XHEZM-FM

Zamora, Michoacán; Mexico;
- Frequency: 103.9 FM
- Branding: La Zamorana

Programming
- Format: Spanish oldies
- Affiliations: Cadena RASA

Ownership
- Owner: Grupo Radio Zamora; (La Voz del Comercio de Zamora, S. de R.L.);
- Sister stations: XHZN-FM, XHQL-FM, XHGT-FM

History
- First air date: June 30, 1948 (concession)
- Call sign meaning: Zamora

Technical information
- ERP: 6 kW
- Transmitter coordinates: 19°58′01″N 102°15′55″W﻿ / ﻿19.96694°N 102.26528°W

Links
- Website: www.radiozamora.com.mx/xhezm.html

= XHEZM-FM =

Radio station in Zamora, Michoacán

XHEZM-FM is a radio station on 103.9 FM in Zamora, Michoacán.
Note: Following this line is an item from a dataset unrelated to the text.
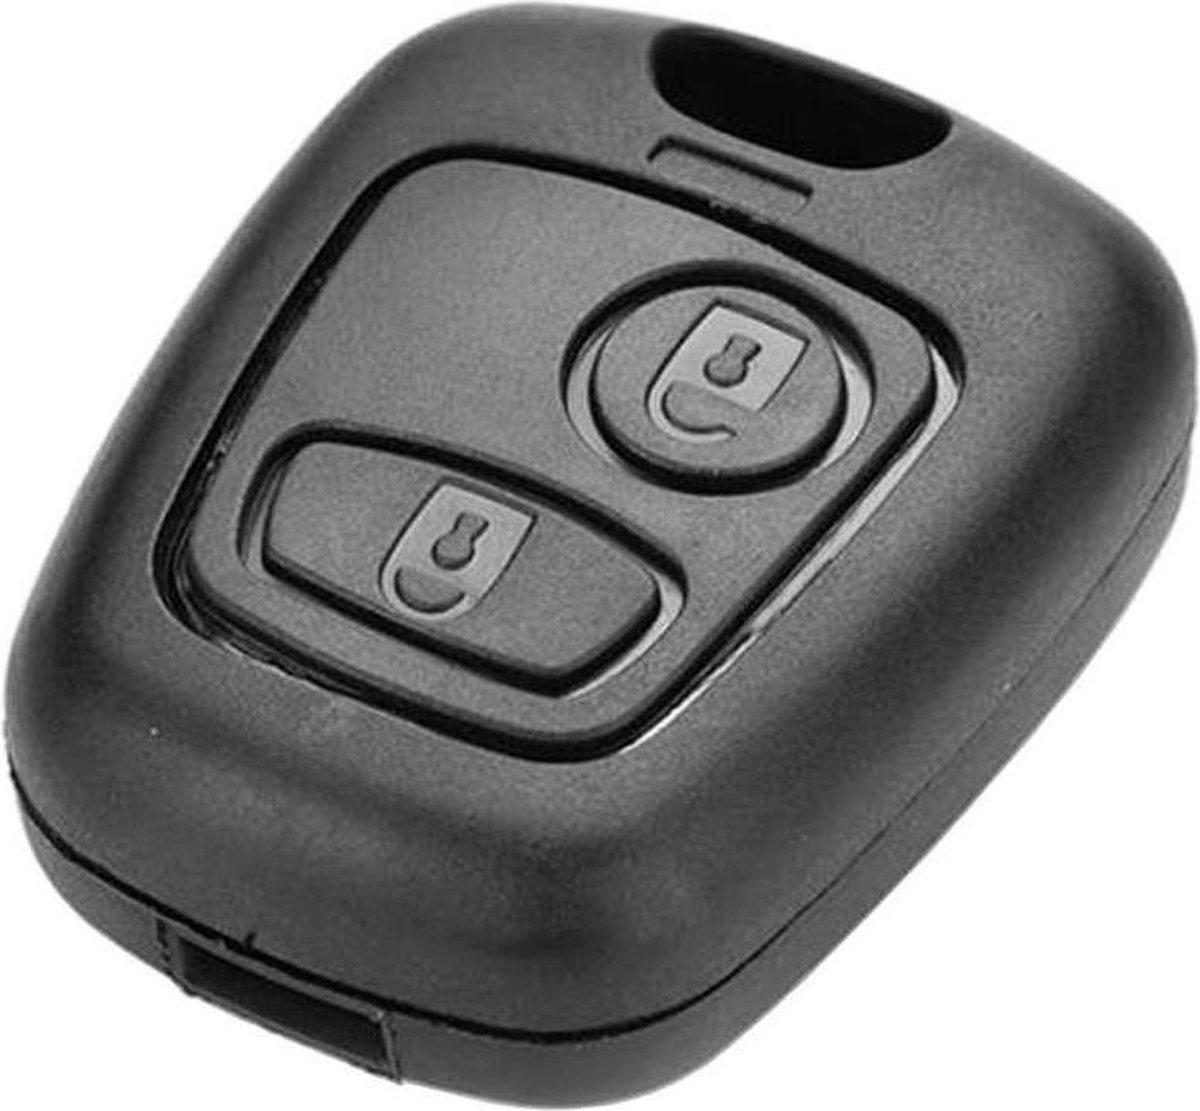 Autosleutelbehuizing - sleutelbehuizing auto - sleutelhoes - Autosleutel - Peugeot, Citroën en Toyot

It is owned by Grupo Radio Zamora and is known as La Zamorana with a Spanish oldies format.

==History==
XEZM-AM 650 received its concession on June 30, 1948. It broadcast with 5 kW day and added nighttime broadcasts at 1 kW in the 1990s. It migrated to FM in 2011.